Bagdad Café

NO DESERTO MÁGICO DE BAGDAD CAFÉ


Na triste quarentena dos cinemas fechados, face à epidemia do coronavírus, sem filmes na tela grande, alguns canais de TV podem nos trazer preciosidades, a garimpar, rever, revisitar, reencontrar.
E assim, nessa direção, conseguí viajar pelo deserto de Mojave no Arizona, conduzido pelo diretor alemão Percy Adlon, na história densa, divertida e emocionante de BAGDAD CAFÉ (Out of Rosenheim / Alemanha, 1987, Prémio César de Melhor Filme Estrangeiro em 1989) exibido no canal de assinatura Eurochannel.
Da desconfiança, suspeita e estranhamento à amizade e fraternidade entre duas personagens tão diversas e opostas, a turista alemã Jasmin e a negra norte-americana Brenda, dona do Bagdad Café, num cenário de aridez próximo à desolação. Lugar real e imaginário, num posto de gasolina acoplado a um motel para viajantes, no meio da aspereza, da secura e da poeira, onde param caminhões e destinos, e que vai se transformar, aos poucos, numa casa de festa, música, mágicas, alegria, ilusão e fantasia. A narrativa, entrecortada por imagens exteriores de planos gerais da estrada e do deserto ao redor, faz predominar a côr vermelha do pôr do sol, numa fotografia de aquecimento, de rara beleza.

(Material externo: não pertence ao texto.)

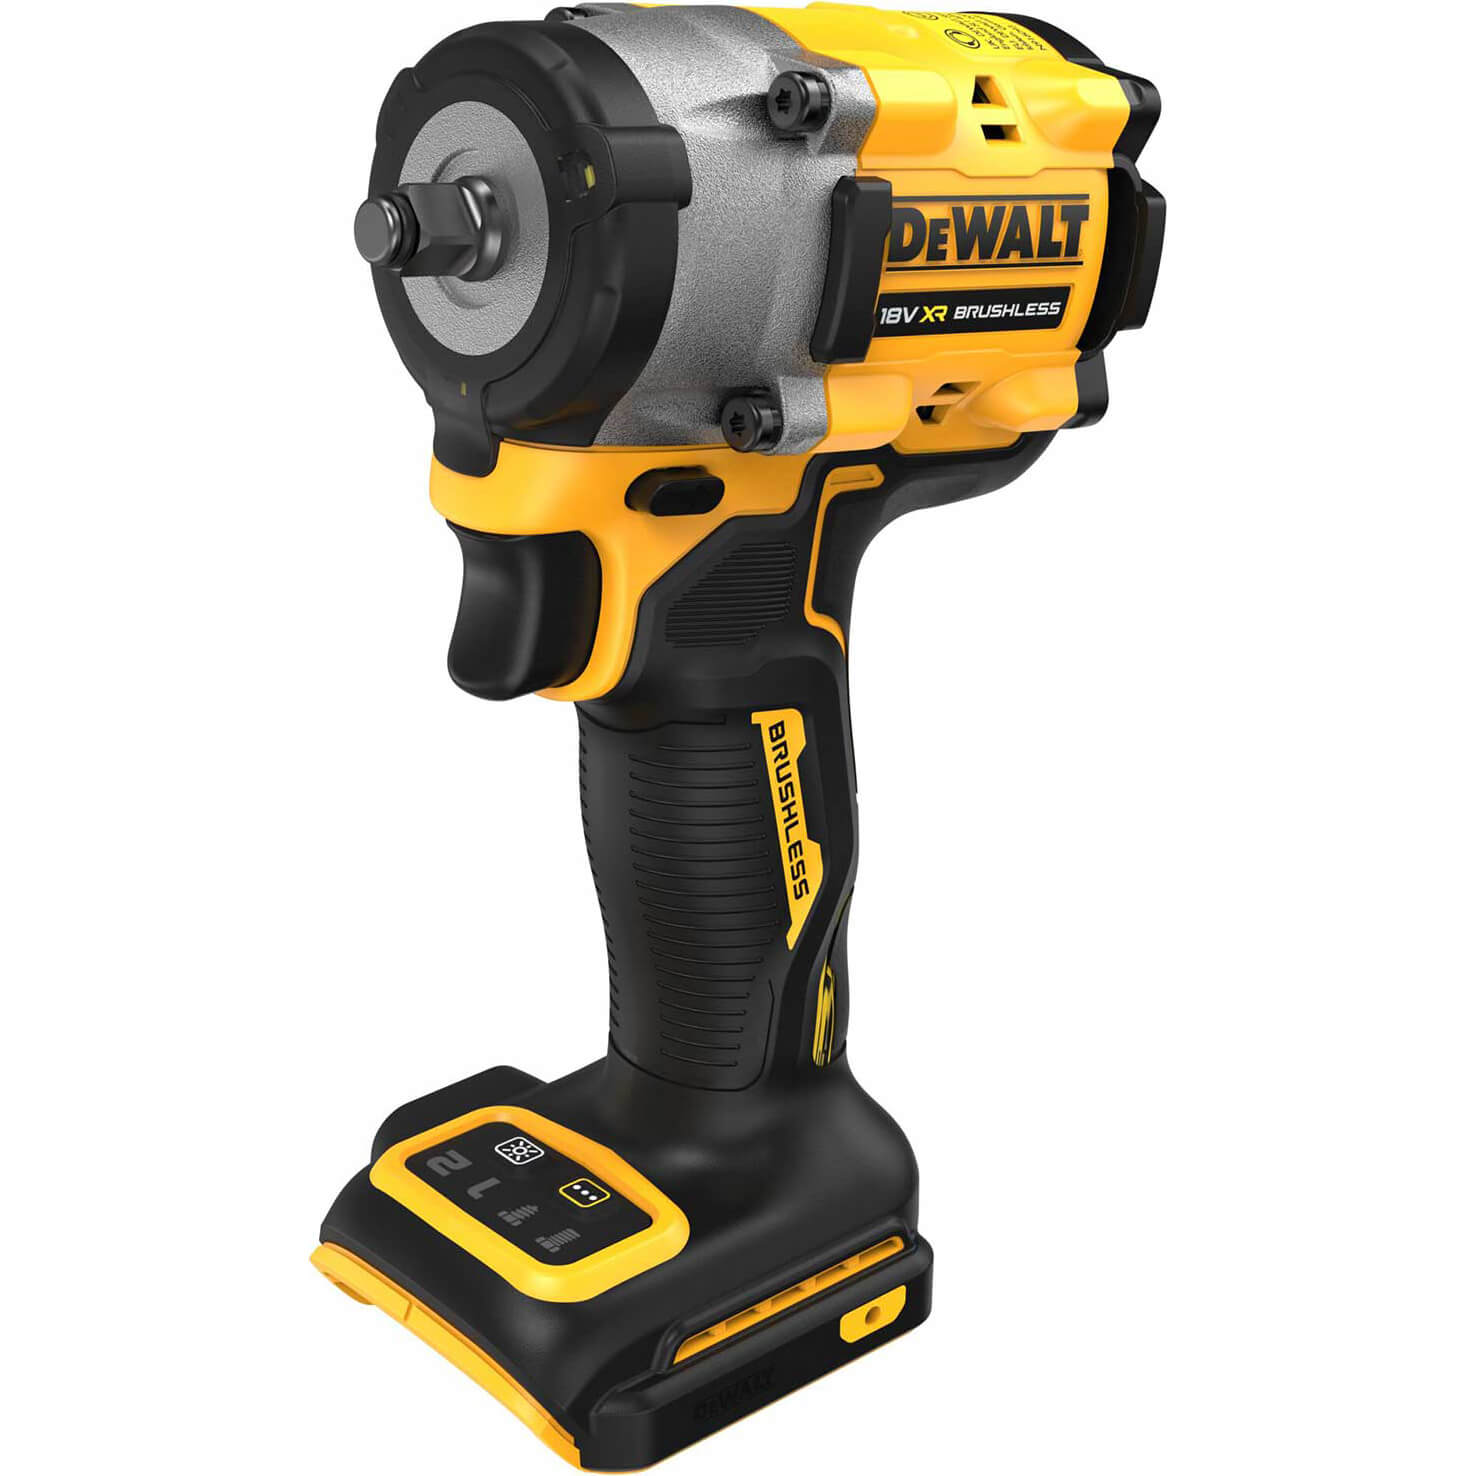 DeWalt DCF923 18v XR Cordless Brushless 3/8" Compact Impact Wrench No Batteries No Charger No Case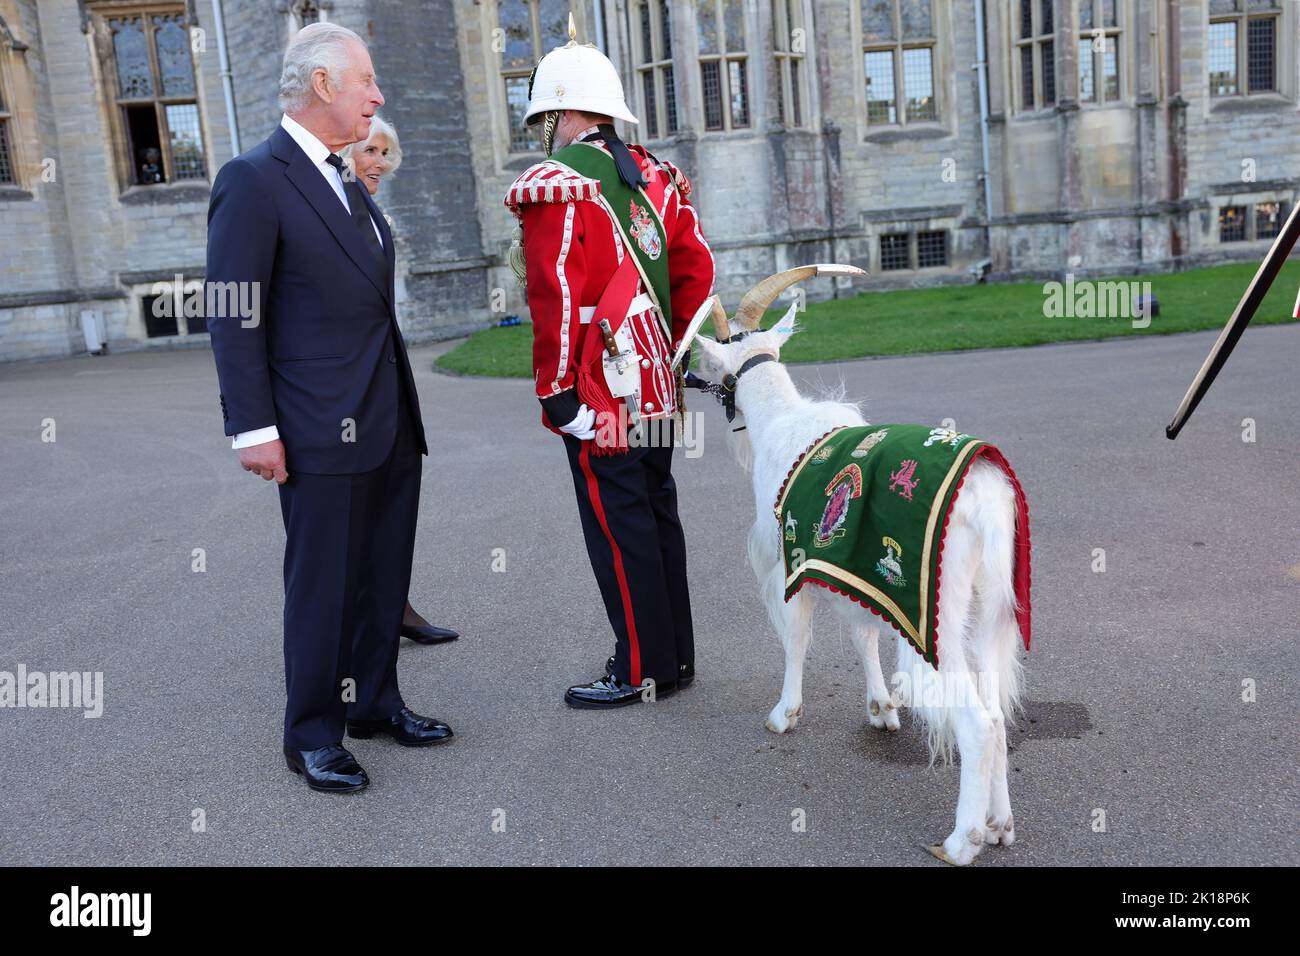 King Charles III and the Queen Consort meet Sheinkin IV, goat mascot for the Royal Welsh Third Battallion at Cardiff Castle in Wales. Picture date: Friday September 16, 2022. Stock Photo

Na história, dramas, tensões, surpresas e estripulias, envolvendo os vários tipos que habitam o café e o motel, personagens de um ótimo roteiro, no entorno das protagonistas Jasmin e Brenda. Entre eles, a filha adolescente de Brenda, rebelde e impulsiva, o jovem filho obcecado e apaixonado pelo piano, o funcionário indígena solicitado a fazer de tudo, a tatuadora sexy que faz sucesso entre os caminhoneiros, o jovem mochileiro que pede para acampar no local, e que se dedica a arremessar seguidamente um boomerang, que vai e volta, cruzando o céu, a significar movimentos de idas e retornos. E, finalmente, o velho pintor, sedutor, exótico em seu estilo hippie, morador de um trailer estacionado ao lado do motel. Entre eles, a troca de sentimentos, amarguras, anseios, cumplicidades, expectativas, e um sentido para a vida. As cenas, intercaladas, em que o pintor em sua tela, passa a retratar Jasmin, no seu quarto, em variadas poses, no lento e progressivo desnudamento de seu corpo e seu desejo, expressam o erotismo ousado e refinado entre artista e modelo, subindo a fervura do filme.
Ao som de Calling You, do compositor Bob Telson, indicada ao Oscar de melhor canção original ("A desert road from Vegas to nowhere... I am calling you, can't you hear me?") as atuações impecáveis e luminosas das atrizes Marianne Sägebrecht como Jasmin, CCH Pounder como Brenda, e do ator Jack Palance como o pintor Rudi Cox, destaques no afinado elenco.
BAGDAD CAFÉ, um filme cult, fascinante, intenso, delicado, um dos melhores sobre a generosidade, a solidariedade, os desafios e contrapontos da compreensão da diferença, do encontro de afetos, do aceite do outro cultural. Um filme sobre a arte e a chance do encontro e do acolhimento.